** Data below **

□ □ □ □

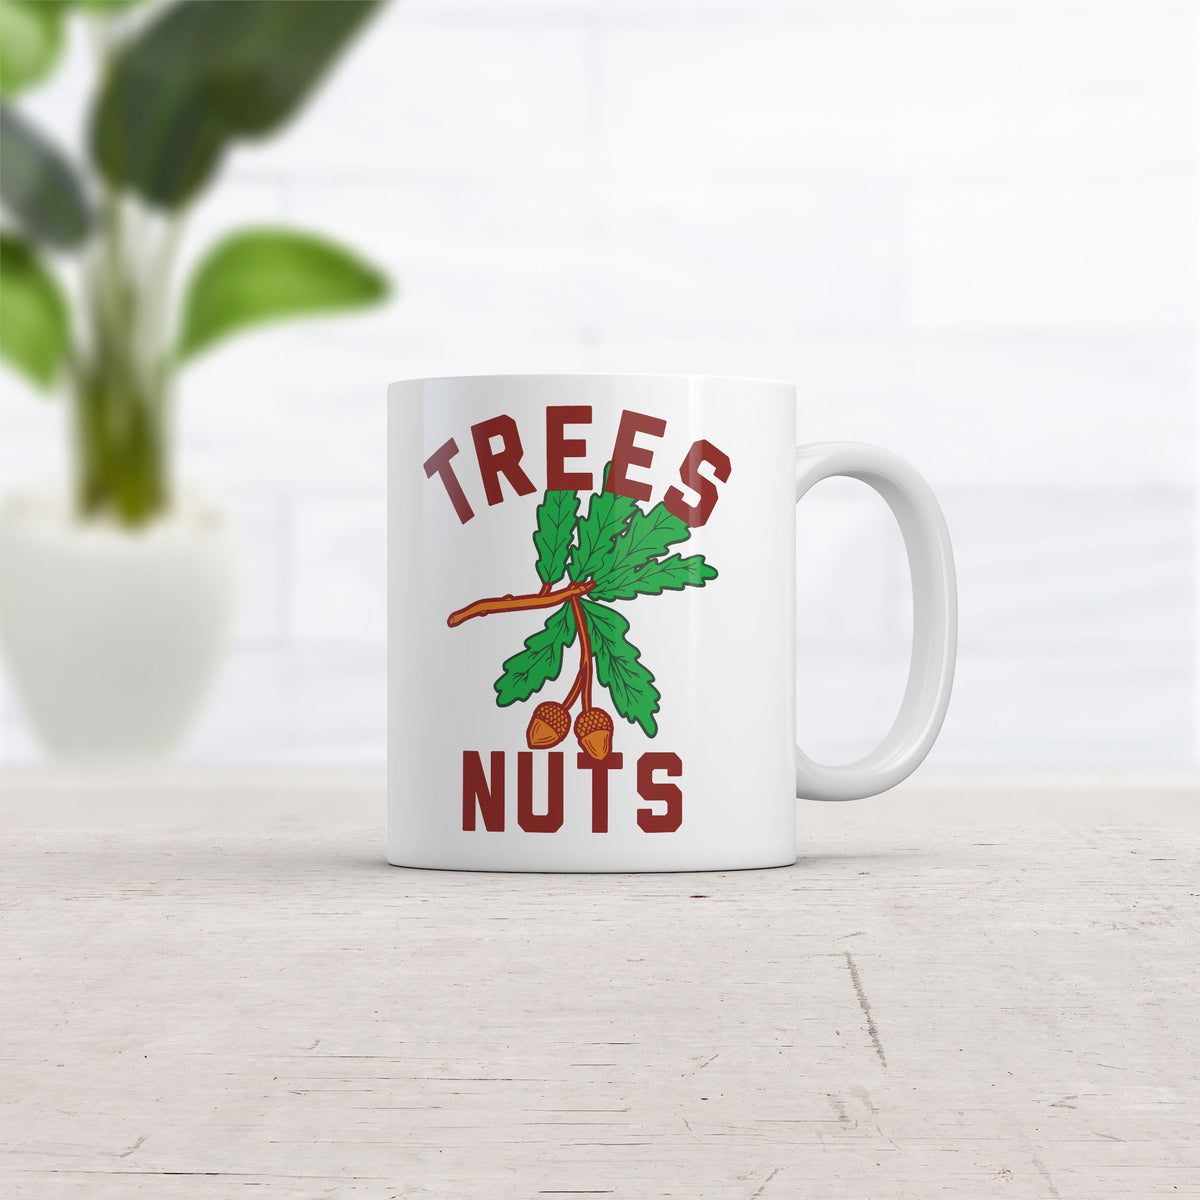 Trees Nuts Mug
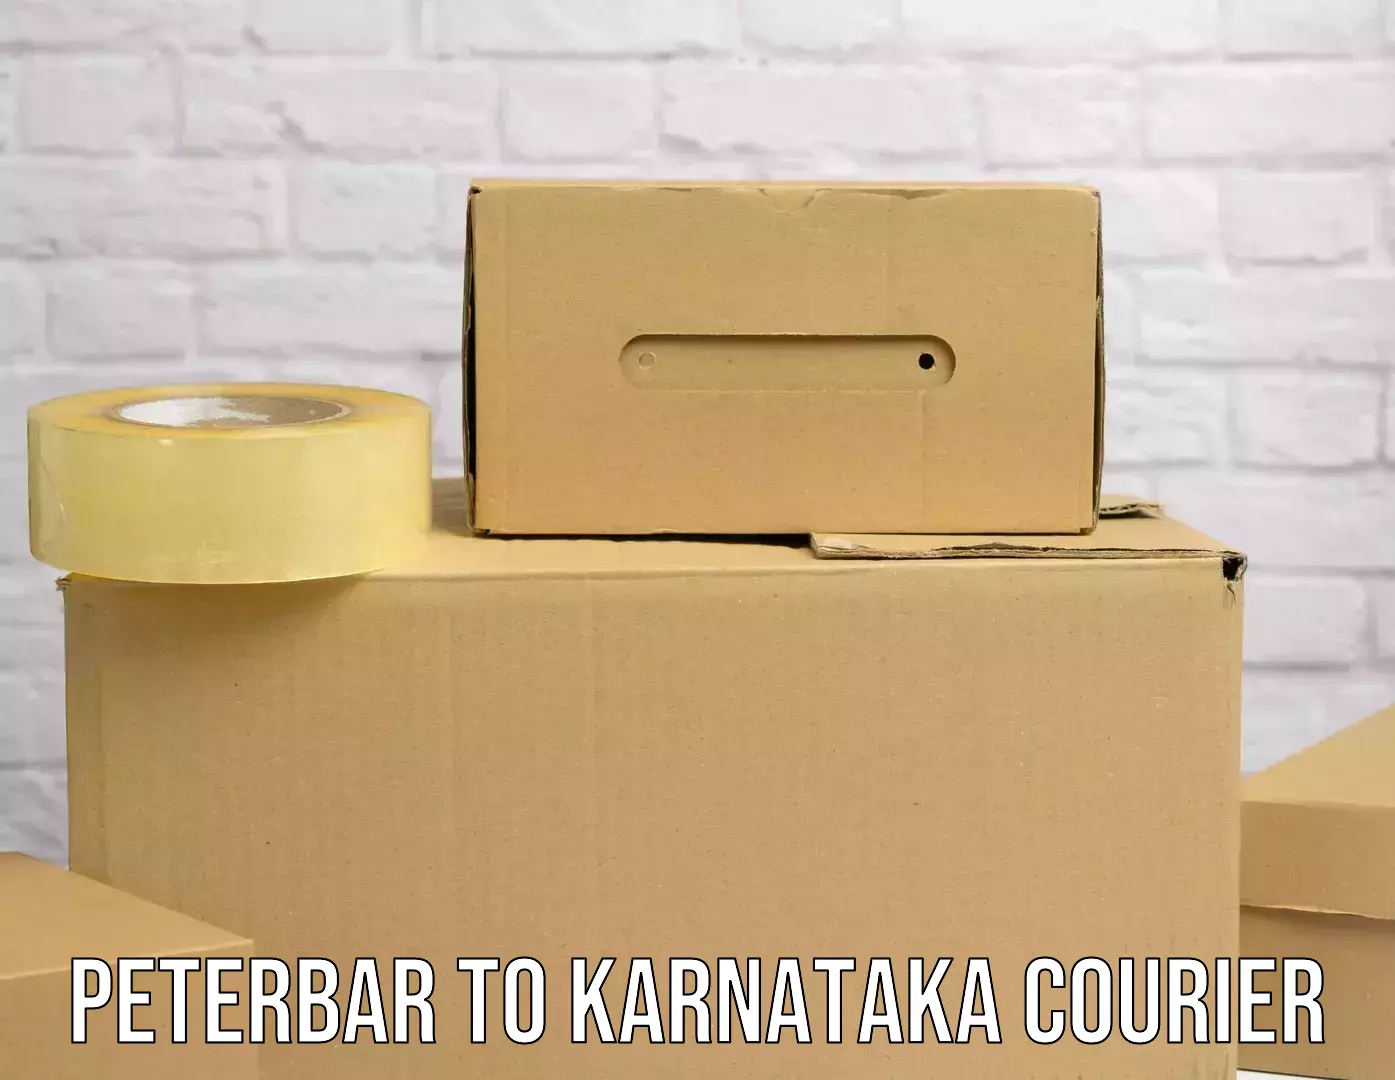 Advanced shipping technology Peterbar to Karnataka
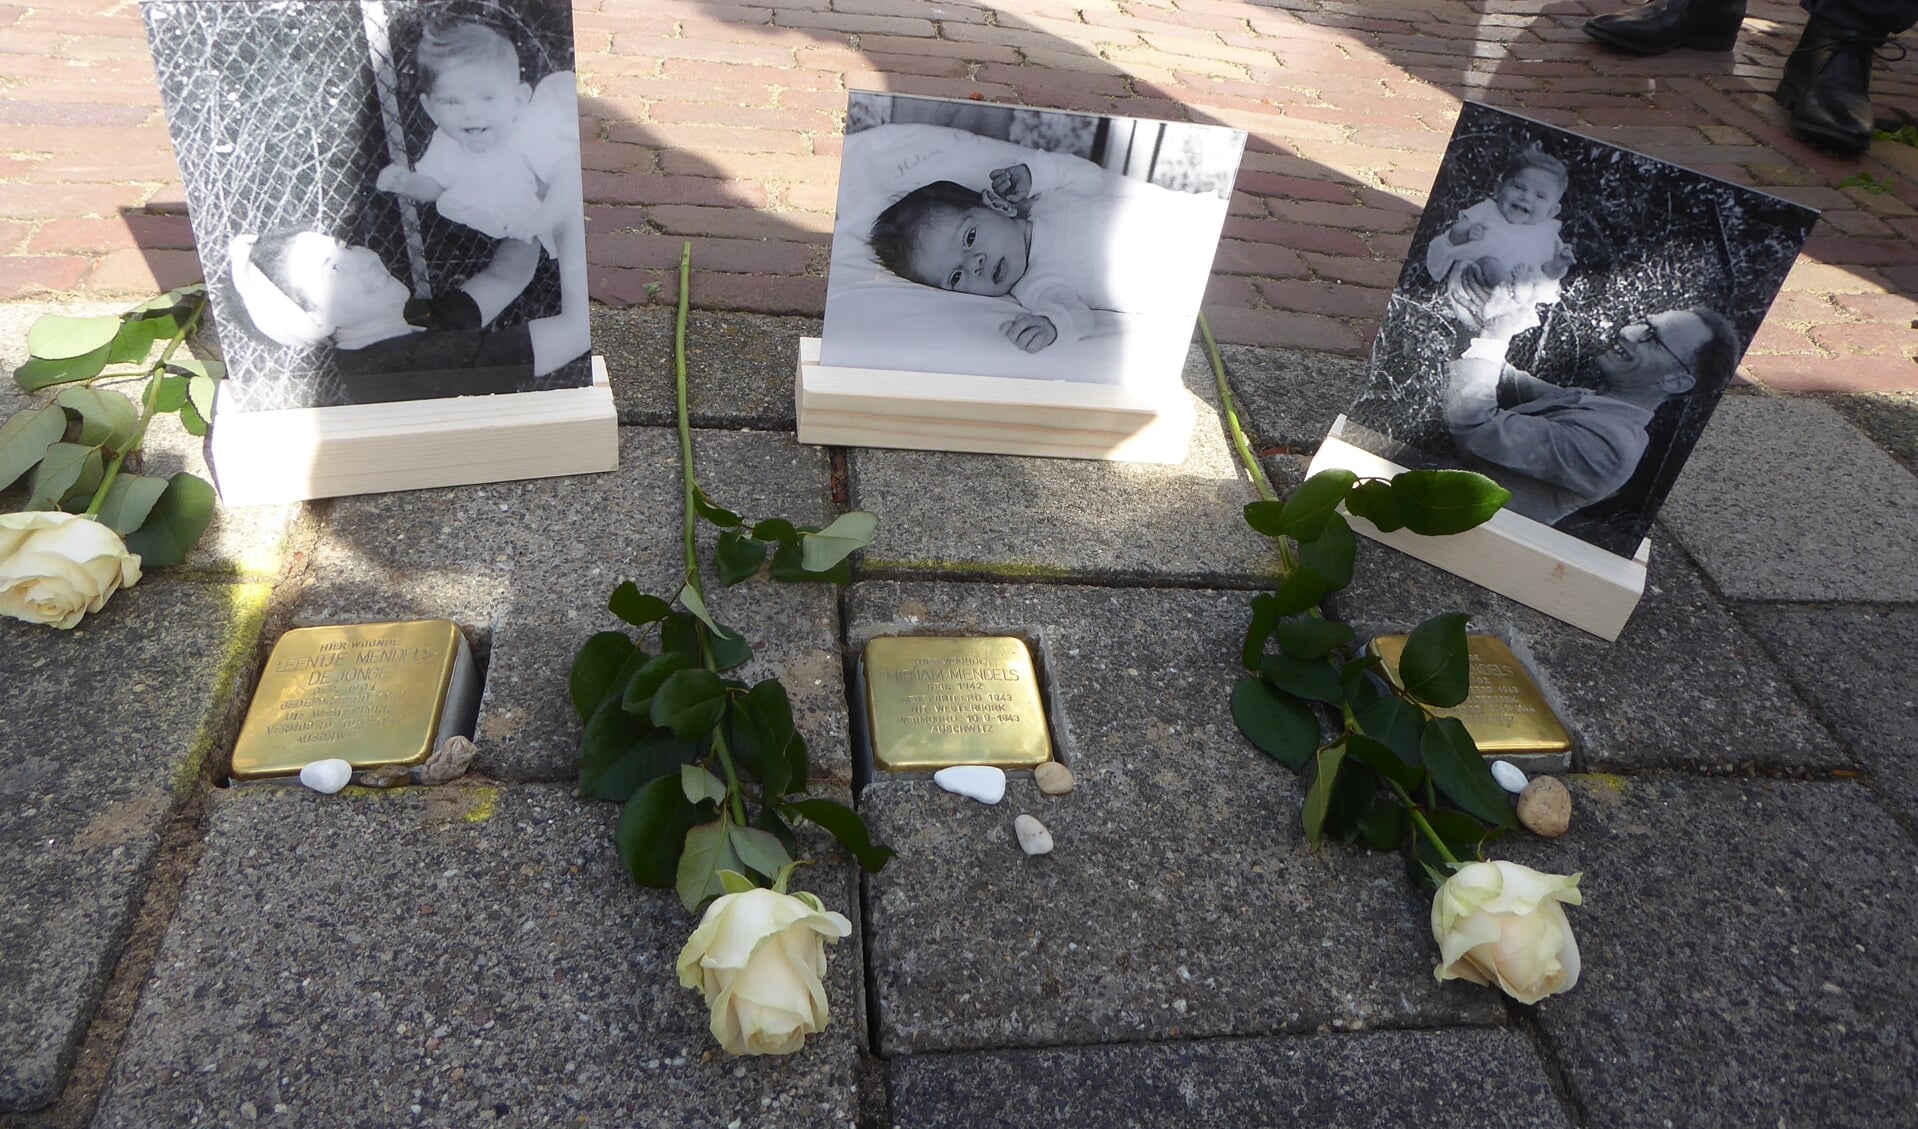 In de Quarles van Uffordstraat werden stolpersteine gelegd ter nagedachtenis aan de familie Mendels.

□ □ □ □

** Task description **
Every line of the material should be repeated precisely; pictures are to be excluded.

** Task answer **
 Trees Nuts Mug
 Advanced shipping technology Peterbar to Karnataka
 In de Quarles van Uffordstraat werden stolpersteine gelegd ter nagedachtenis aan de familie Mendels.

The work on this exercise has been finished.